Макс шепотом признался отцу, что не может петь, сразу тошнит. Во время хорового пения он только открывал рот. Однажды мальчик, стоявший рядом, заметил, донес учителю. Пришлось врать, что заболело горло. Один раз сработало, но постоянно горло болеть не может.
Было мучительно стыдно объяснять сыну, что ему придется петь, и выбрасывать правую руку в нацистском приветствии, и маршировать, и притворяться, что ты – как все.
И стало совсем уж тоскливо, когда ребенок не задал ни единого вопроса, покорно кивнул и сказал:
– Да, папа, я понимаю, я постараюсь.
В отличие от Макса, пятнадцатилетний Отто кипел романтическим энтузиазмом. Его завораживали мифы. Атлантида, древняя раса сверхлюдей, магическая символика рун, факельные шествия, ночные костры, походы, военные игры, спортивные соревнования – все это заполняло его жизнь. Эльза твердила, что Отто растет здоровым, сильным, свободным от сложных подростковых комплексов, которые мучают и уродуют мальчиков в переходном возрасте. А вот Макс ее тревожил. Слишком закрытый, мрачный.
Мальчики почти не общались друг с другом, любой пустяшный бытовой разговор мог закончиться жестокой ссорой. Отто стал нервным, агрессивным, зло подшучивал над пожилой горничной Магдой, корчил рожи у нее за спиной, передразнивал ее шепелявость, неуклюжую походку. Отказывался пить молоко, потому что молочник горбун, а все горбуны коммунисты и молоко может быть отравлено. Выбросил новый джемпер, потому что он куплен в еврейском магазине и в узоре отчетливо видны шестиконечные звезды. Никакие слова на него не действовали. В ответ он молча усмехался, хлопал дверью своей комнаты, включал радио на полную громкость и под бравурные марши упражнялся с гантелями, качал мускулы.

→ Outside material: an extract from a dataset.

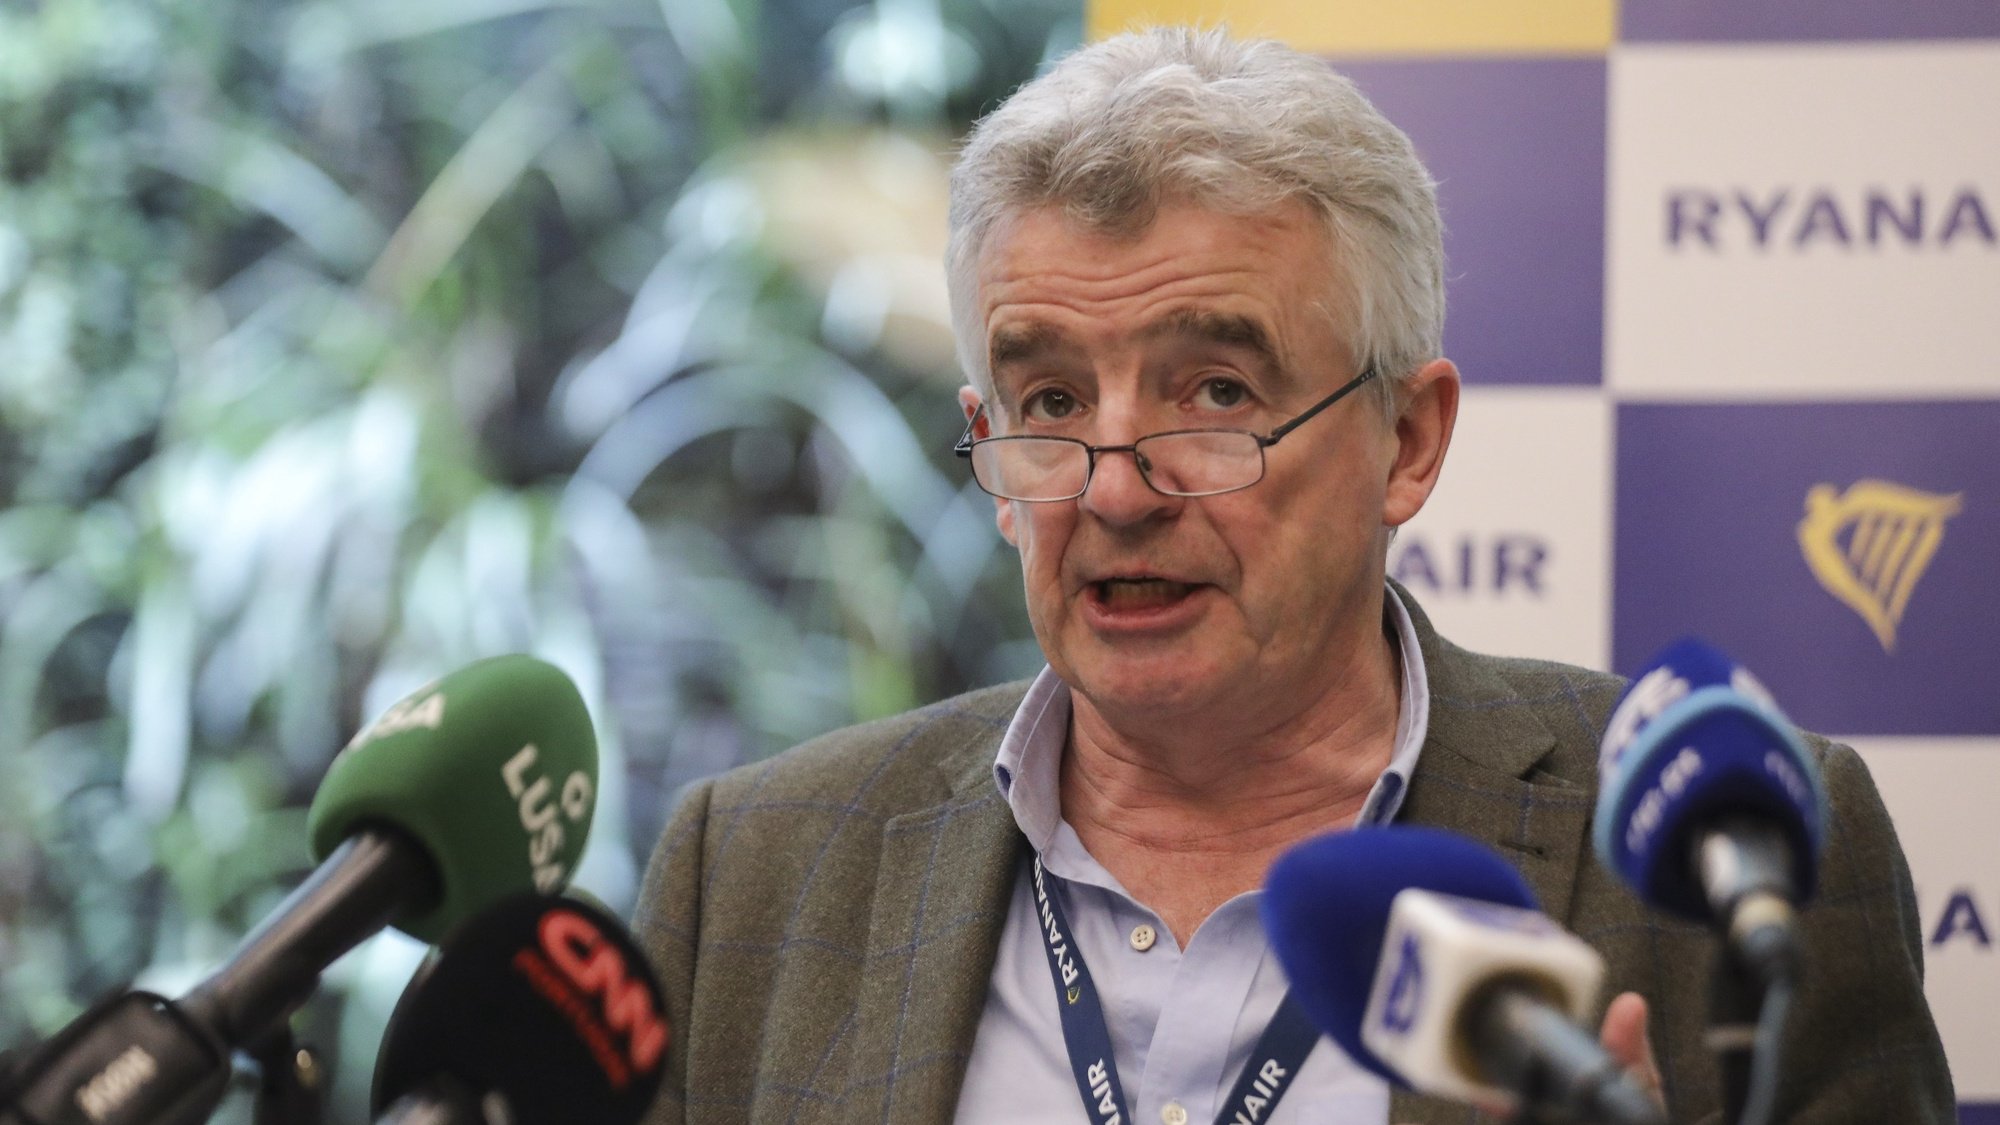 Ryanair CEO Michael O&#039;Leary attends a press conference of Ryanair Group in Lisbon, Portugal, 16 February 2022. Ryanair&#039;s CEO, Michael O&#039;Leary, said today that the Irish airline may have to give up 20 routes in Lisbon this summer due to TAP&#039;s accumulation of unused slots. MIGUEL A. LOPES/LUSA

Однажды Эльза нашла у него на столе несколько номеров газеты «Дер Штюрмер». Там были картинки: страшные носатые евреи насилуют белокурых арийских девушек. Голые девушки в публичном доме, жирный хозяин-еврей подсчитывает прибыль. В статье Юлиуса Штрайхера, главного редактора «Дер Штюрмер», карандаш Отто подчеркнул фразу о том, что девяносто процентов проституток Германии вовлечены в свою профессию евреями. Эльза бросила газеты в камин и тут же заявила, что Юлиус Штрайхер просто грязный ублюдок, который под прикрытием идеологии распространяет порнографию.

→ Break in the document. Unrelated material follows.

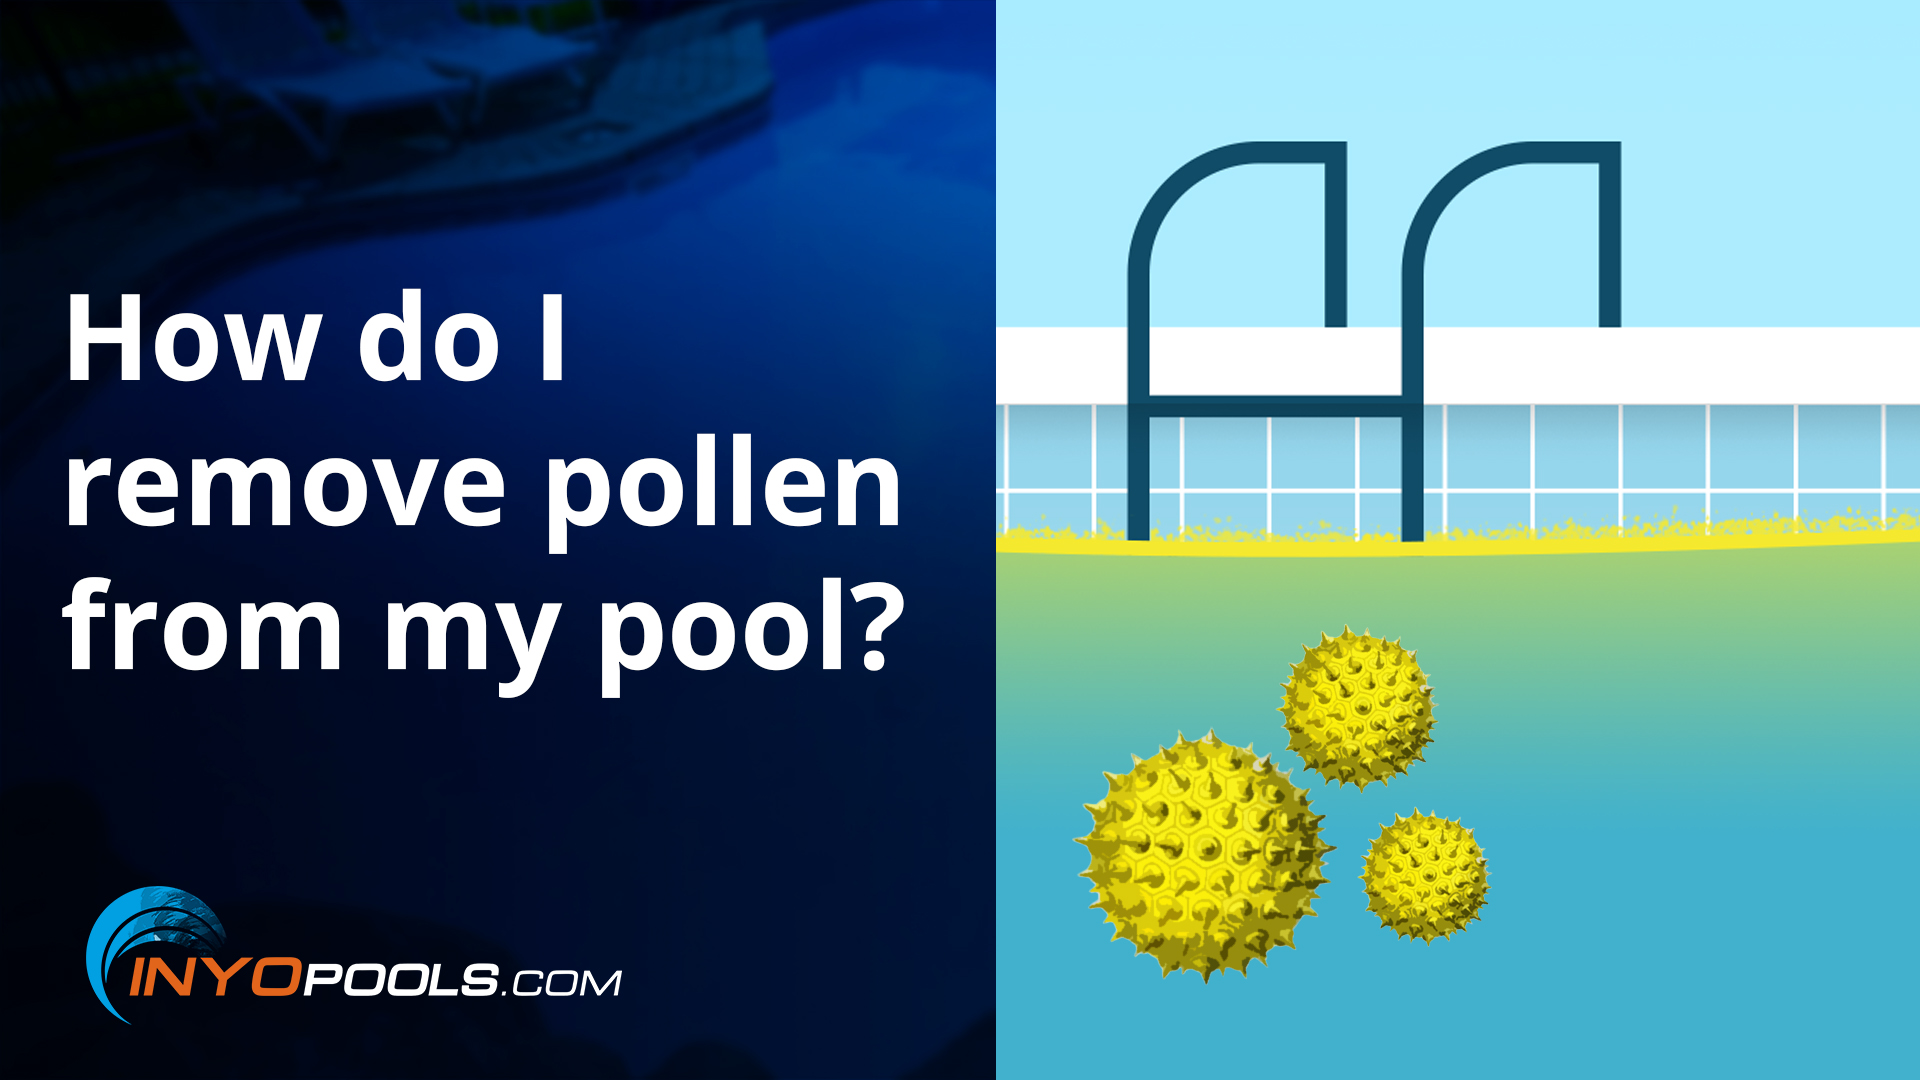 How do I remove pollen from my pool?

– Юлиус Штрайхер видный партийный деятель, – напомнил Карл, – депутат рейхстага, друг и соратник Гитлера. Тираж «Штюрмера» шесть миллионов, ты много раз видела эту газету на улицах, в ларьках.
– Перестань! Я уверена, это провокация. Скорей всего, Штрайхер сам еврей и нарочно доводит идеи фюрера до абсурда, чтобы оттолкнуть от них простых людей, – она чиркнула спичкой и подожгла газеты.
Огонь в камине весело разгорелся. Карл смотрел на освещенный розовым светом профиль жены и вдруг произнес:
– Эльза, у тебя нос с горбинкой, губы пухлые, волосы вьются.
Она застыла, несколько секунд сидела неподвижно, потом вскочила, бросилась к зеркалу.
– Карл, что ты говоришь! Я блондинка, натуральная, некрашеная, и глаза у меня голубые, Карл, как ты можешь?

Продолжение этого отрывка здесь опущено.